Другим приемом, которым Кот пытался расположить к себе своих собеседников, было подчеркивание его демократичности. Он постоянно заявлял, что время диктатуры Пилсудского и его преемников безвозвратно ушло и нынешнее польское правительство состоит из подлинных демократов и либералов. Советский Союз, по своей сущности, диктатура небольшой группки людей, держащих в своих руках аппарат принуждения и экономику. Советские функционеры относятся к западным демократам, включая и так называемых друзей СССР, с явным, часто нескрываемым пренебрежением. Даже сэра Стаффорда Криппса, который предупредил советское руководство о предстоящем нападении Гитлера, никто в Советском Союзе не воспринимал всерьез, и именно оттого, что он был известным демократом. С другой стороны, незадолго до этого Риббентроп в тесном кругу похвалялся, как легко ему удалось достичь доверия и расположения советских коммунистов2. Ну а каким было при Сталине отношение к людям, действительно верным идеалам демократии, видно из описанного выше дела Альтера и Эрлиха. И трудно себе представить, чтобы кто-то в Советском Союзе расчувствовался от уверений польского посла в его демократических пристрастиях.
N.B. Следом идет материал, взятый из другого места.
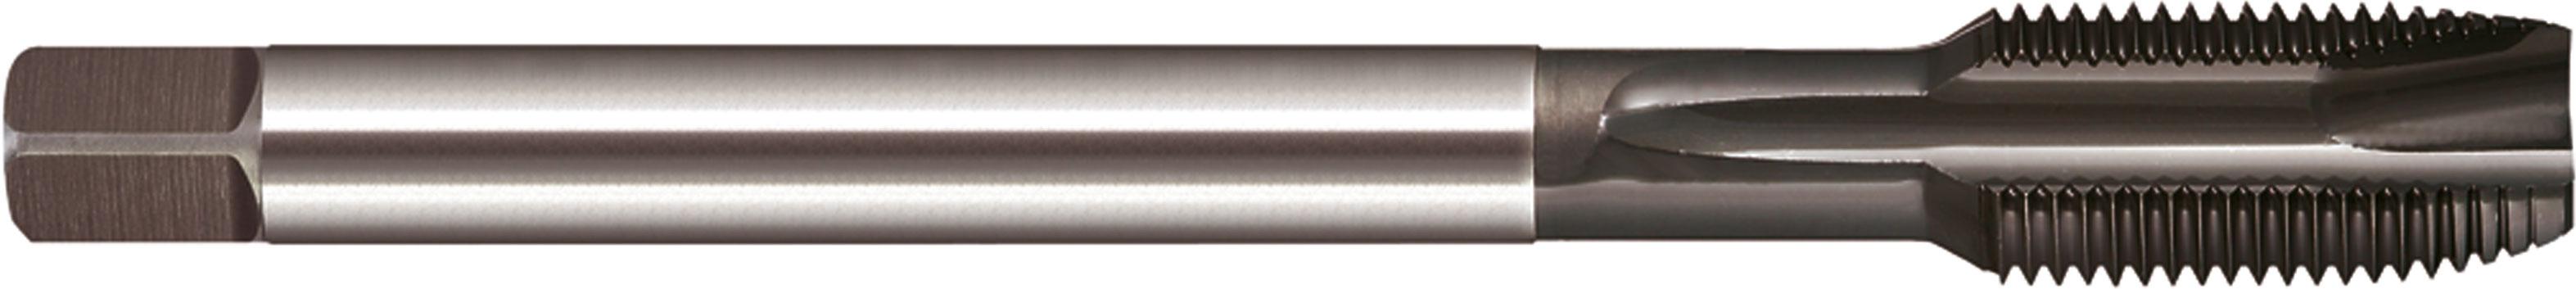 Projahn Forets Set 10tlg HSS-G DIN 340 Longue Ø 1-10 mm 60831 acier alu bois

Кот часто любил подчеркивать, что он, собственно, не профессиональный дипломат. Следствием этого было убеждение, что Сикорский прислал в СССР своего близкого друга, дабы и в отношениях двух стран добиться дружбы и тесного контакта. Это объясняло и то, что Кот часто выходил за жесткие рамки дипломатического протокола, особенно, когда дело шло о заключенных в лагерях и тюрьмах соотечественниках.
Советские власти часто устраивали дипломатические приемы. В Куйбышеве этим целям служил специальный дипломатический ресторан, доступ туда имели только представители посольств и узкий круг советских чиновников. Там можно было прекрасно и дешево покушать, а водка и икра продавались без ограничений. Но советские власти крайне противились возникновению каких бы то ни было приятельских отношений между советскими функционерами и иностранными дипломатами. Таким образом, особо дружеские отношения с советскими представителями Коту было создавать довольно трудно.
Мне кажется, что Сикорский и Кот заранее договорились о манифестации при каждом удобном случае своего особенного расположения к Советскому Союзу. Несколько месяцев спустя, на Ближнем Востоке, мне рассказывали, что в 1941 году Сикорский уволил нескольких польских консульских работников в этом регионе за их связи с прометейским движением. А несколько позже он заявил в Лондоне на заседании Рады народовой, что его не касается судьба прибалтийских государств. Иначе как уступками советскому империализму эти шаги назвать нельзя. Но, кажется, они скорее породили недоверие, чем благодарность среди советских чиновников и руководителей.
Но стремление расположить к себе советских руководителей можно и понять: как бы ни закончилась война, реальностью было нахождение почти миллиона депортированных поляков на территории СССР. Их можно было рассматривать и как заложников. Сикорский же стремился к возрождению польской армии за границами оккупированной Польши; армия эта должна была принять действенное участие в войне, а Советы держали в своих тюрьмах и лагерях лучшие кадры для этой армии. Кроме того, кратчайшим путем возвращения этой армии в Польшу была советская территория.
Конечно, с политической точки зрения было бы лучше, если бы эта армия ударила по немцам со стороны Балкан и Румынии, но такое решение не могло быть принято хотя бы из-за соображений такта. Ну а если польским солдатам суждено было сражаться бок о бок с советскими, то, естественно, следовало создать атмосферу товарищества и доверия, и кто бы ни стал польским лидером, должен был искать пути нормализации отношений с Советским Союзом. И такие люди, как Ксаверий Прушиньский, свято верившие в то, что в польско-советских отношениях наступила новая эпоха, были просто необходимы для новой польской дипломатии. Его поведение вызывало уважение, а то, что он болтал в журналистских кругах, безусловно, немедленно доводилось до сведения Наркоминдела. То есть назначение Ксаверия на пост польского пресс-атташе было логичным шагом Сикорского.
В то же время пропажа пленных офицеров делало невозможным дальнейшее польско-советское сближение. Даже если бы Кот был более психологически подготовлен к контактам с советскими чиновниками, было бы просто трудно представить себе шаги в этом направлении до выяснения судьбы офицеров козельского, старобельского и осташковского лагерей. Ведь посол по самому своему посту уже должен был добиваться их освобождения в соответствии с положениями договора 1941 года. Ну а его собеседники никак не могли ему помочь — офицеров уже не было в живых. И они вынуждены были давать различные расплывчатые ответы, которые только порождали взаимную подозрительность и недоверие.